Так вот сегодня я напомнил товарищу Сталину об этой истории и спросил: «Сегодня отправим других инженеров. Какая гарантия, что и этих не попытаются поставить к стенке?»
Товарищ Сталин повернулся к Меркулову и спрашивает у него: «Кто у нас может обеспечить такую безопасность инженерам?». Тот отвечает: «Мы, конечно, Иосиф Виссарионович!» «Вот и отлично, - говорит Сталин, - значит, Вам лично надо поехать и, кстати, возглавить оперативную группу инженеров!». Попыхтел трубкой и добавил: «А то они скромные и их всякий дядя может обидеть… Вас ведь не обидят». Вот почему, совсем неожиданно Вашу тройку возглавляет Меркулов. Думаю, он этого не предвидел. Вы же из этого должны понять, какое значение придаёт Иосиф Виссарионович вашей миссии.
Алексей Ильич Морин, рукой с изящно откинутым мизинцем поправил пенсне, вежливо покашлял и спросил:
– А можно ли осведомиться, товарищ генерал, куда именно мы должны отбыть?
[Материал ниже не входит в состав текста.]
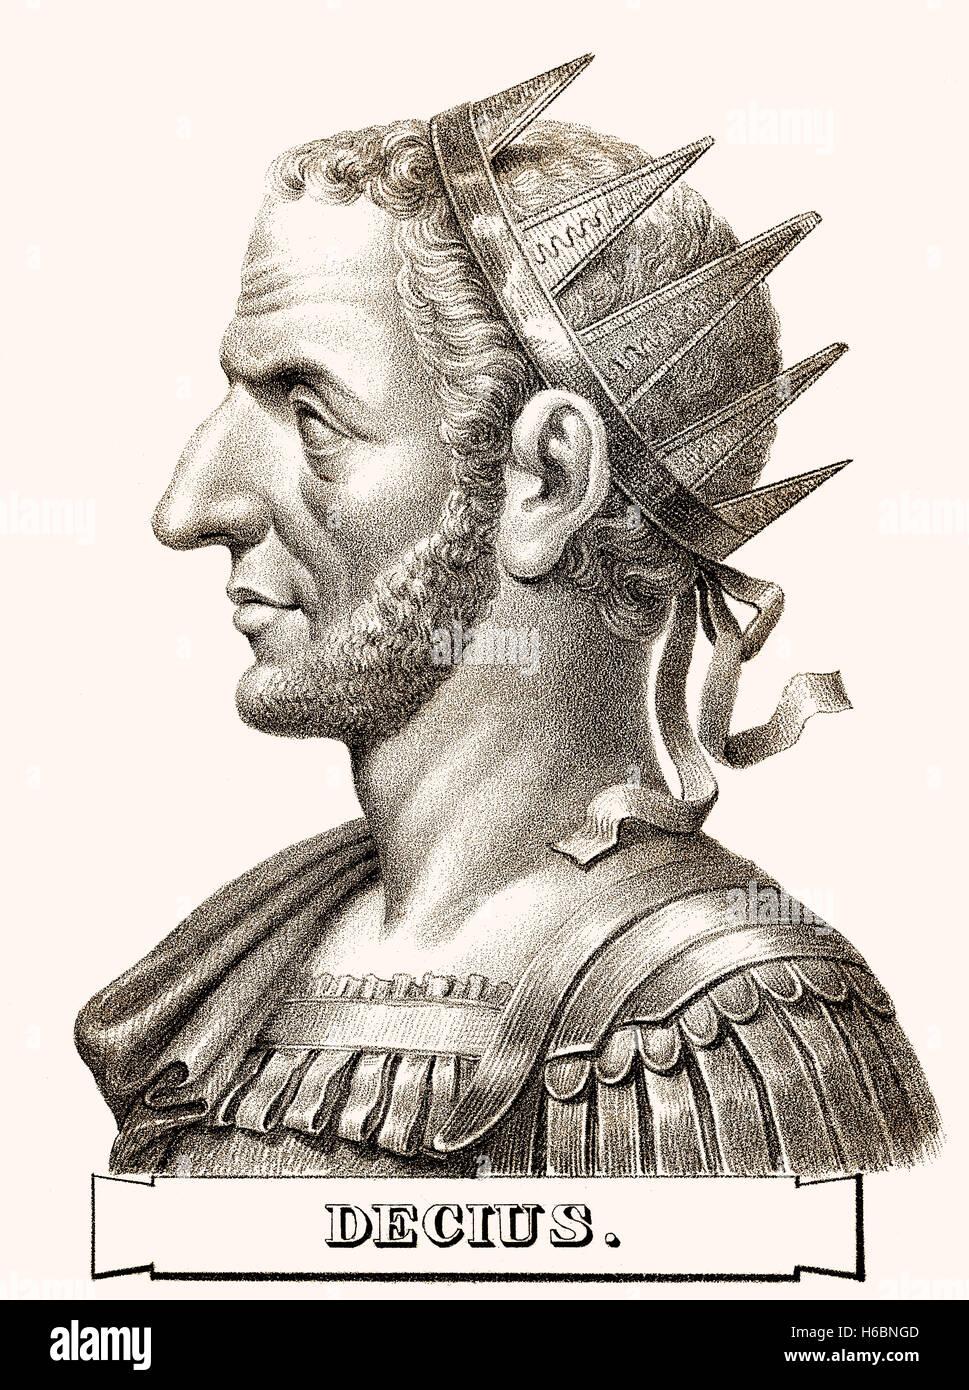 Trajan Decius, c. 201-251, römischer Kaiser Stockbild

Генерал поднялся, вышел из-за стола, прошёлся, потёр рукой высокий лоб.
– Об этом, кроме нас, никто не должен знать. Даже в ваших командировочных предписаниях будет указано, что вы поступаете в распоряжение Меркулова. Без указания пункта назначения. Вылетите самолётом… Железная дорога перерезана… Котляр словно выдавил из себя: … в Ленинград.
– Что?
– Да. Положение пока ещё не катастрофическое, но очень сложное. Поэтому меры надо предпринимать уже сейчас… Вам нужно поторопиться. Получите документы, командировочные. К тринадцати ноль-ноль вам надо быть на Центральном аэродроме. Я распоряжусь, чтобы вам дали мою машину.
Мы попрощались.
Когда все формальности были завершены, спустились во двор и по Москве – озарённой ярким солнцем, но угрюмой после жестокого налёта – на тёмно-синем ЗИСе помчались на аэродром. К часу мы были на месте.
Приказ на посадку
Через полчаса прибыл заместитель наркома Берии – Меркулов. За прямоугольными стекляшками пенсне – глаза не рассмотришь. Средний рост. Надменно вскинутая голова. Отчуждённо внимательная и тем подчёркнутая холодность.
Представились по уставу. Не говоря ни слова, замнаркома повернулся и пошёл к «Дугласу», сверкавшему на солнце алюминием фюзеляжа.
Внутри самолёта все поверхности сияли белизной, лаком и никелем. С этим же самолётом летели два офицера-пограничника, получивших назначение на крупные посты в системе обороны Ленинграда.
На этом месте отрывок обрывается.